If $O$ denotes the origin, what are the coordinates of point $M$ such that triangle $OMQ$ has minimal area?
Now, I've been able to solve some particular cases for specific points, and the conjecture I got is that when $M$ is located in such a way that $|PM|=|PQ|$, the solution is obtained. I'm not sure how to obtain the a geometric or analytical justification (it seems very complex trying to obtain a function to maximize). I'd appreciate some help! thanks in advance.
Edit: When $M$ is at the right or left of the point $(0, c-ab)$: the area of the triangle can be made arbitrarily close to $0$ or the area of the triangle will reach a local minimum. The interesting part of the problem is to find that local minimum.

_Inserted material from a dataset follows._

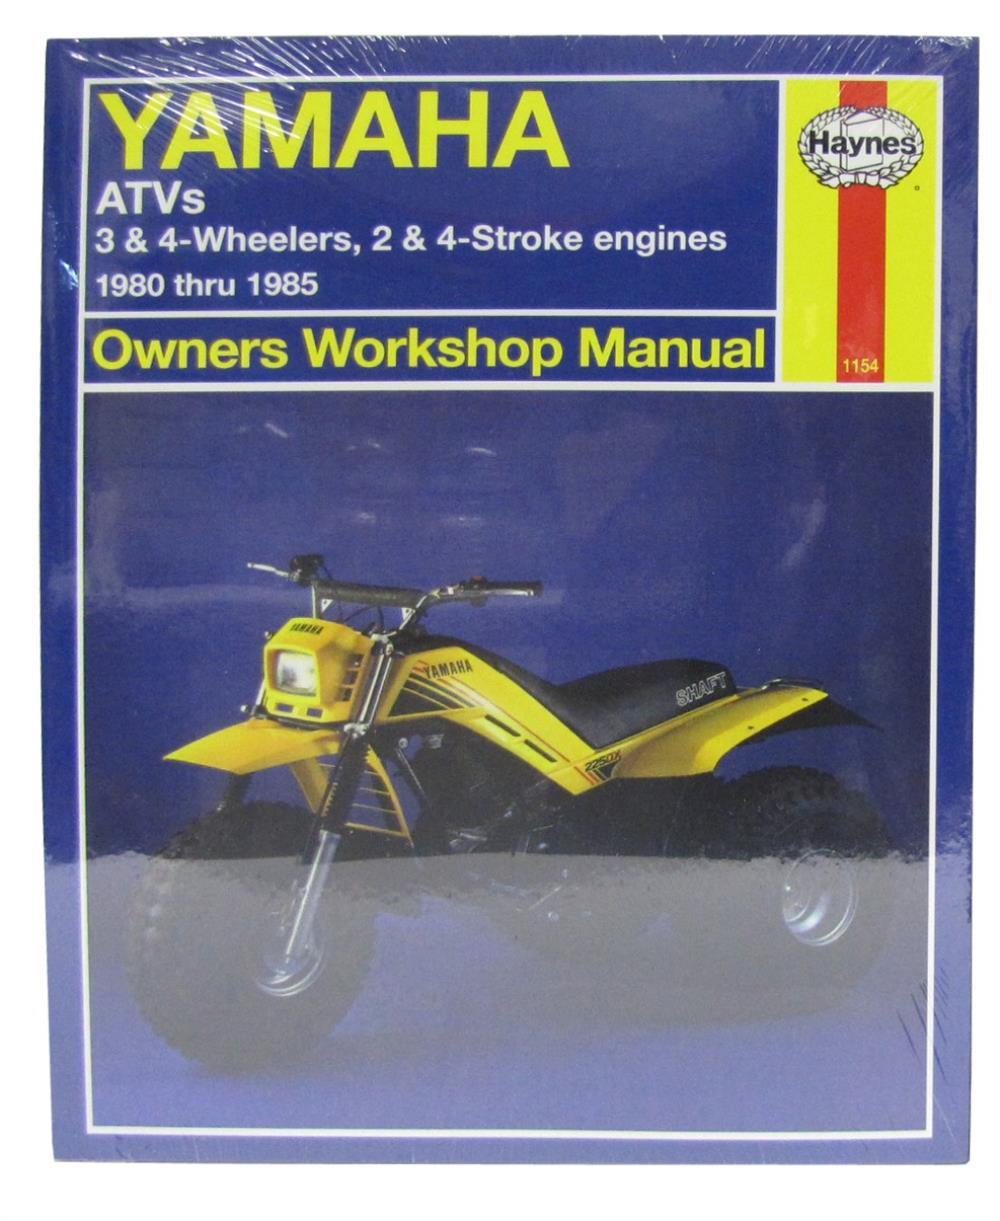 85 86 yamaha yfm200 moto 4 atv service repair manual pdf.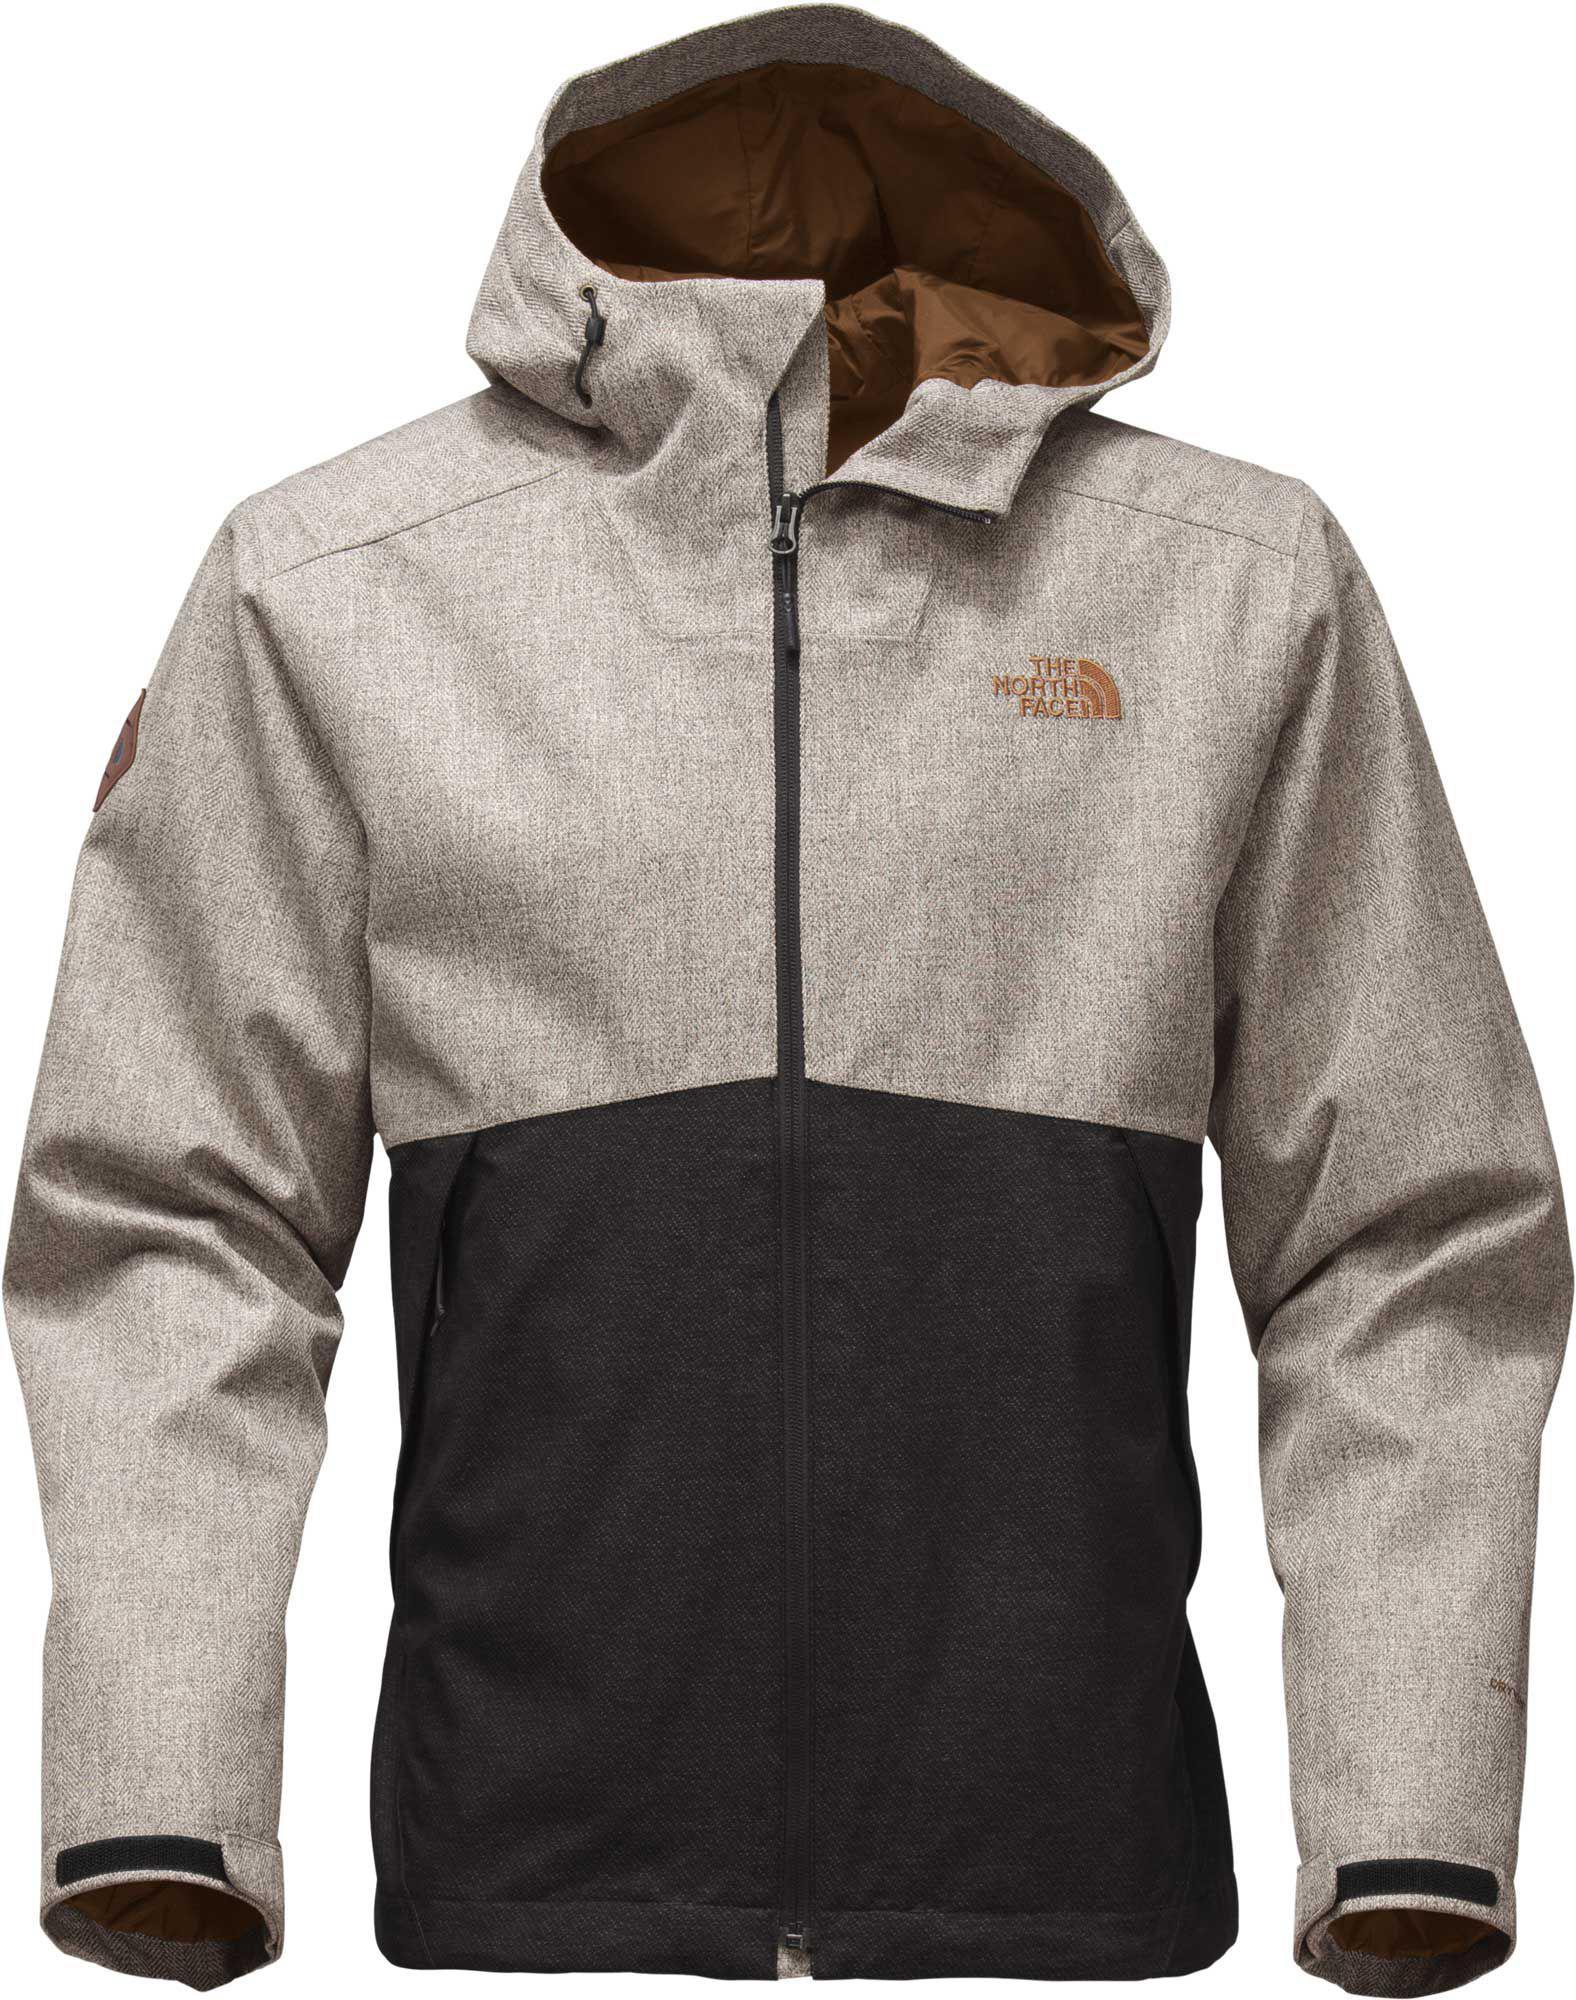 ad23d4639 The North Face Multicolor Millerton Rain Jacket for men

So we have point $P(b,c)$ and $M(m,0)$. The equation of the line between them is $$\frac{x-b}{m-b}=\frac{y-c}{0-c}$$ The intersection of this line with $l$ is $$y=ax$$ When we put these together we get $$\frac{x-b}{m-b}=\frac{ax-c}{0-c}$$ or $$-cx+bc=amx-cm-abx+bc$$ Extracting $x$ (the x coordinate of the $Q$ point): $$x_Q=\frac{cm}{am-ab+c}$$ The corresponding $y$ coordinate is $$y_Q=\frac{acm}{am-ab+c}$$ The area of the triangle $OMQ$ is $$A=\frac 12\frac{am^2c}{am-ab+c}$$ since $y_Q$ is the height and $m$ is the base. Take the derivative with respect to $m$ and equate it to $0$. One solution is $m=0$. The other is $$m=\frac{2}{a}(ab-c)$$ Now just plug in this $m$ into the equations for $x_Q$, $y_Q$, then calculate $|PM|$ and $|PQ|$ and you get the answer. If you calculate $PM$ and $PQ$ as vectors, you should get $PM=-PQ$.